I have long believed that many patients managing long term conditions are a potential source of leadership alongside clinical and managerial leaders, and that it is rarely acknowledged as such or effectively utilised.
Having completed a Fellowship of CLAHRC North West London where I worked and learned alongside clinicians and other health care professionals, I was very interested to develop my leadership skills further. However I was frustrated to see the programmes advertised by the Leadership Academy were not open to people like myself who may not be in the official hierarchy but who are working tirelessly to improve quality in the NHS. I expressed strong views on this via Twitter as is my wont and found it led to my being offered a place on the Mary Seacole Programme – a challenge I gladly took up.
I worked alongside a range of healthcare professionals many of whom were at the front line of service provision. It was challenging and yet such a source of valuable learning.
Above all it helped me get over my own resistance to defining myself a leader. Within the NHS, one’s place in the structure is an indication of validity or otherwise. I advise numerous organisations, but I am not on their staff. I am often the only person round the table not being paid to be there. It caused me to question my right to my seat at the table.
I had to look at inner conflict between the part of me that identifies as a “leader” and what I describe as the “patient box” into which it is all too easy to retreat. It almost felt safer to remain in the parent/child relationship which characterised my early experiences within the healthcare system. The course material on human and social aspects including handling conflict, power etc provided me with a solid context on which to reflect on this and challenge my own perceptions.
I believe passionately in bringing together patients and professionals in equal partnership, disrupting hierarchies and blurring boundaries. The emotional impact of this level of change on pressurised health care professionals as well as on patients who have carved a niche in traditional patient and public engagement can bring into play defence mechanisms.
When we feel safe enough to emerge from our boxes labelled “patient” or “professional,” and risk venturing into the territory where boundaries are blurred, and both sides are prepared to walk in the shoes of the other, then we have the potential to create something genuinely transformational. I was out of my own comfort zone for much of the course but had to accept that this is precisely where I expect professionals to go. It is right that I should model this myself.
As to what happens next, completing the programme gave me courage after 15 years of Benefit dependency to start working for myself. I intend to use my reflections on going through the programme to assist health and social care organisations to work with patients/service users as leaders, not just of our own “care” but of change within the system itself.
I am now working with Mark Doughty of the NHS Leadership Academy’s Faculty and Director of the Centre for Patient Leadership on a piece of work that is very much in line with the thinking I developed during my time at the Leadership Academy. In our interactive workshops we share our experiences of engaging with the system, how we were defined and then defined ourselves as a result. We examine what helped us regain control and make the transition from passive patient to emerging as leaders of change within the wider system. We support the health care professionals in the audience to engage in a similar process and in doing so we engage in a different quality of conversation, a dialogue amongst equals. This is about health care professionals and patients collaborating in partnership seeking to find a new way forward together.

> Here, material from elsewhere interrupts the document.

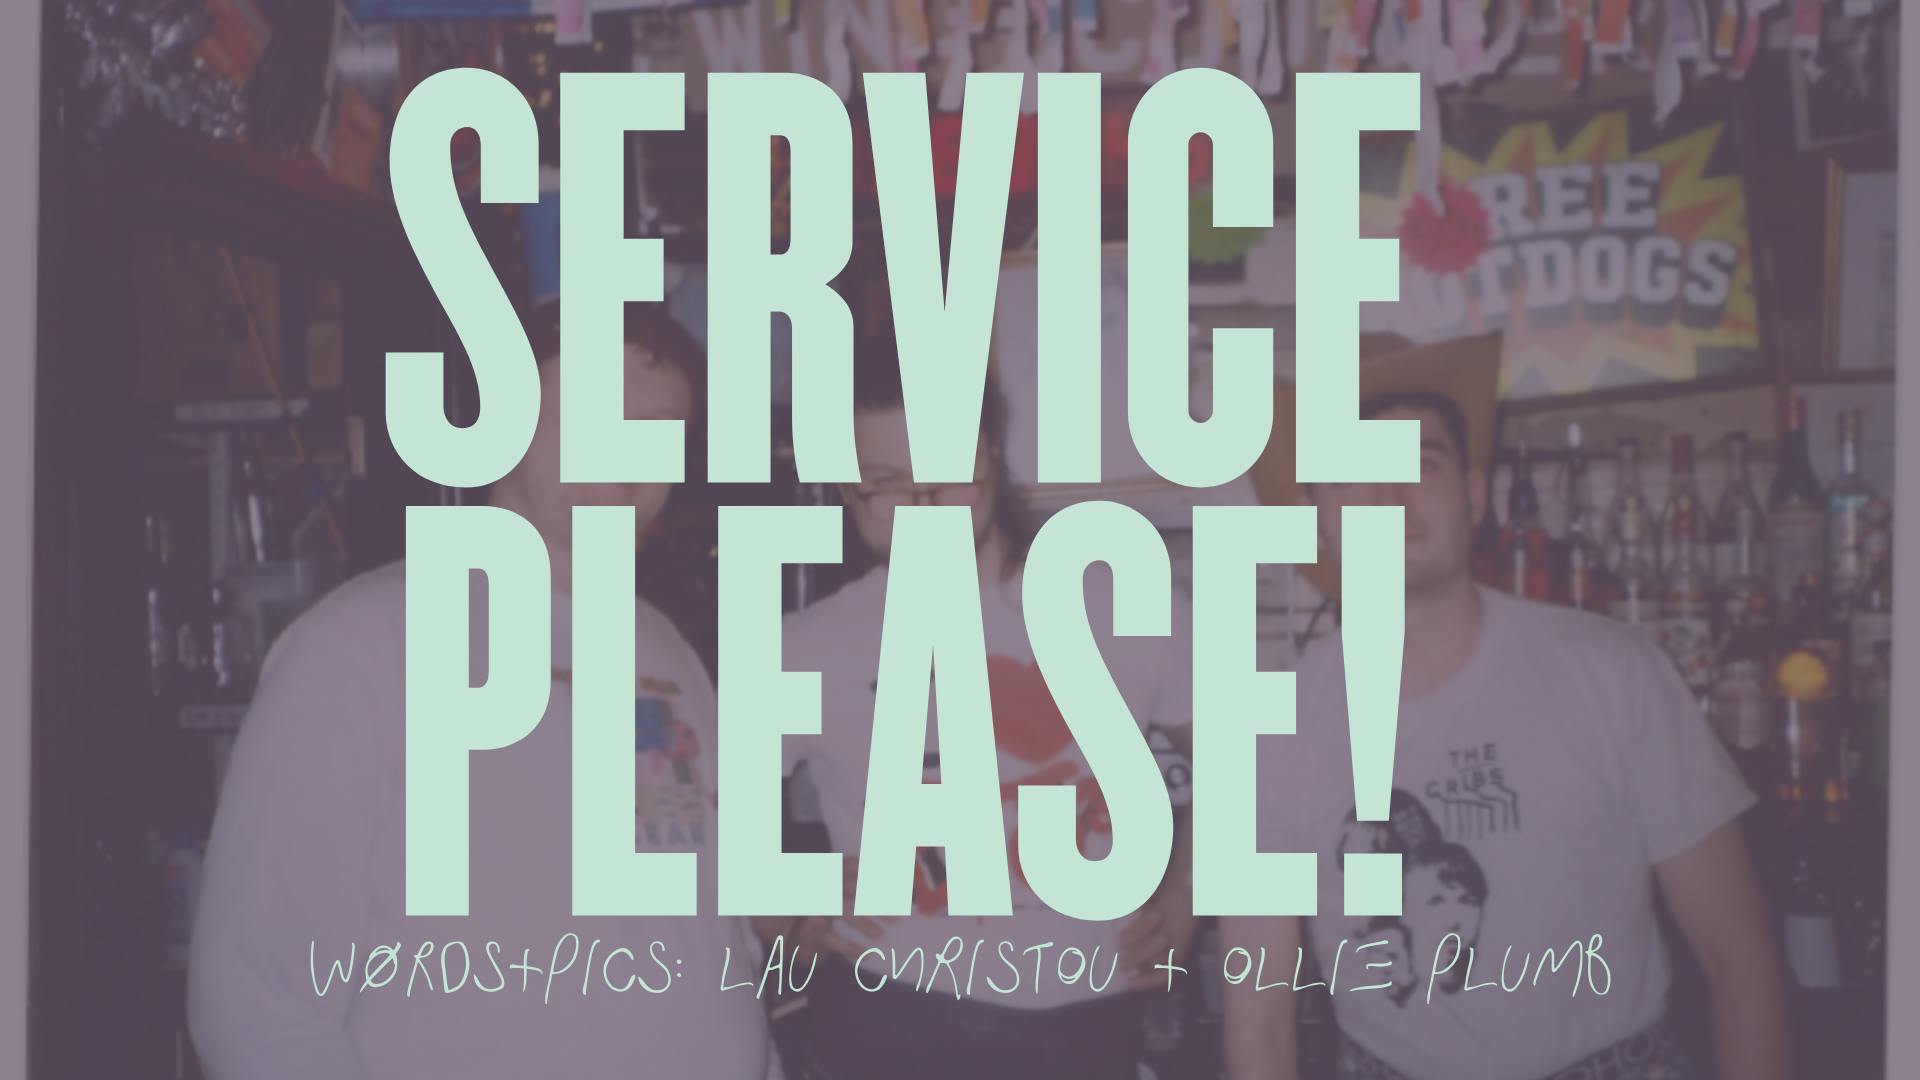 SERVICE PLEASE!

Patient leaders not in the hierarchy often have more freedom to look outwards rather than upwards. This makes us potentially powerful allies for professionals who are struggling to challenge the status quo. This is not about professionals having to relinquish power but about creating more so there is more to go round.
Breaking down the walls of the defensive bunkers into which we all retreat in chaotic times takes courage on all sides. I believe my participation in this programme as the first Patient Leader has enabled me to go through a process of breaking down some of those walls – both internally and in the system itself.
I intend to go forward armed with what I have learned to enable others to do the same. This is leadership.